Use in Specific Populations
Pregnancy
- Pregnancy Category X
- Risk Summary
- OPSUMIT may cause fetal harm when administered to a pregnant woman and is contraindicated during pregnancy. Macitentan was teratogenic in rabbits and rats at all doses tested. A no-effect dose was not established in either species. If this drug is used during pregnancy, or if the patient becomes pregnant while taking this drug, advise the patient of the potential hazard to a fetus.
- Animal Data
- In both rabbits and rats, there were cardiovascular and mandibular arch fusion abnormalities. Administration of macitentan to female rats from late pregnancy through lactation caused reduced pup survival and impairment of the male fertility of the offspring at all dose levels tested.
- Australian Drug Evaluation Committee (ADEC) Pregnancy Category
There is no Australian Drug Evaluation Committee (ADEC) guidance on usage of Macitentan in women who are pregnant.
Labor and Delivery
There is no FDA guidance on use of Macitentan during labor and delivery.
Nursing Mothers
- It is not known whether OPSUMIT is present in human milk. Macitentan and its metabolites were present in the milk of lactating rats. Because many drugs are present in human milk and because of the potential for serious adverse reactions from macitentan in nursing infants, nursing mothers should discontinue nursing or discontinue OPSUMIT.
Pediatric Use
- The safety and efficacy of OPSUMIT in children have not been established.
Geriatic Use
- Of the total number of subjects in the clinical study of OPSUMIT for PAH, 14% were 65 and over. No overall differences in safety or effectiveness were observed between these subjects and younger subjects.
Gender
There is no FDA guidance on the use of Macitentan with respect to specific gender populations.
Race
There is no FDA guidance on the use of Macitentan with respect to specific racial populations.
Renal Impairment
There is no FDA guidance on the use of Macitentan in patients with renal impairment.
Hepatic Impairment
There is no FDA guidance on the use of Macitentan in patients with hepatic impairment.

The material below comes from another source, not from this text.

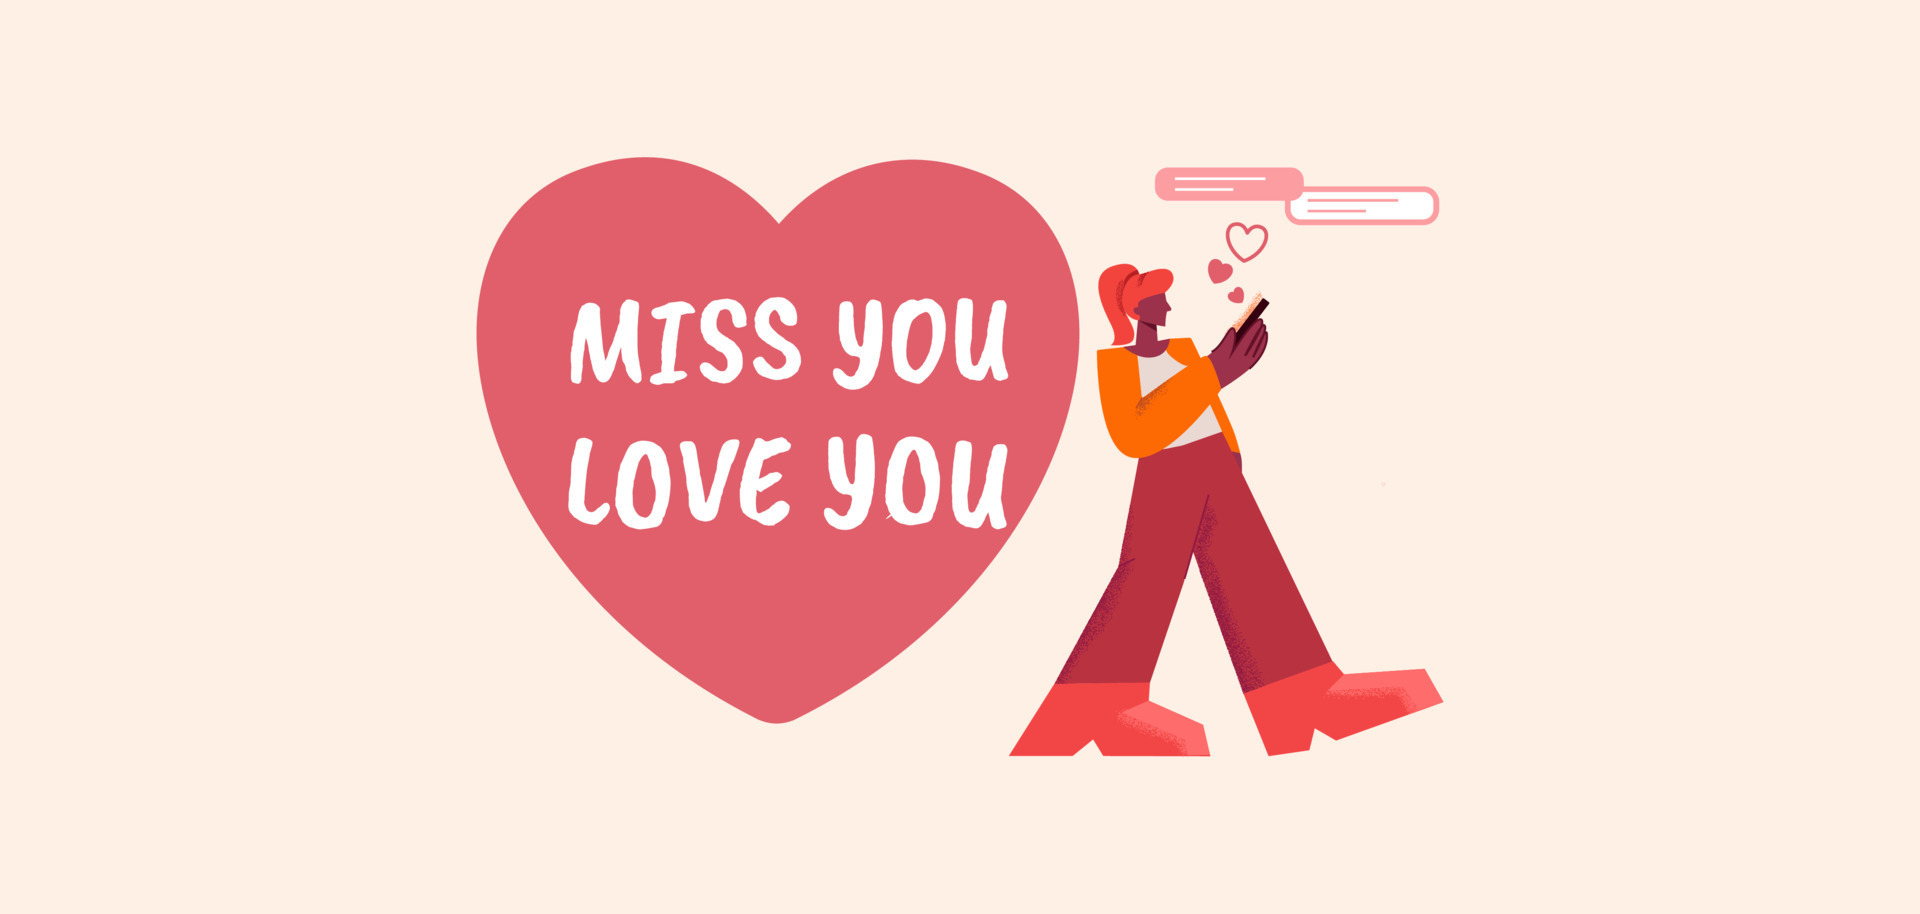 Miss you love you poster. Romantic message in shape red heart and ...

Females of Reproductive Potential and Males
- Females
- Pregnancy Testing: Female patients of reproductive potential must have a negative pregnancy test prior to starting treatment with OPSUMIT and monthly pregnancy tests during treatment with OPSUMIT. Advise patients to contact their health care provider if they become pregnant or suspect they may be pregnant. Perform a pregnancy test if pregnancy is suspected for any reason. For positive pregnancy tests, counsel patients on the potential risk to the fetus.
- Contraception: Female patients of reproductive potential must use acceptable methods of contraception during treatment with OPSUMIT and for 1 month after treatment with OPSUMIT. Patients may choose one highly effective form of contraception (intrauterine devices (IUD), contraceptive implants or tubal sterilization) or a combination of methods (hormone method with a barrier method or two barrier methods). If a partner's vasectomy is the chosen method of contraception, a hormone or barrier method must be used along with this method. Counsel patients on pregnancy planning and prevention, including emergency contraception, or designate counseling by another healthcare provider trained in contraceptive counseling.
- Males
- Testicular effects: Like other endothelin receptor antagonists, OPSUMIT may have an adverse effect on spermatogenesis
Immunocompromised Patients
There is no FDA guidance one the use of Macitentan in patients who are immunocompromised.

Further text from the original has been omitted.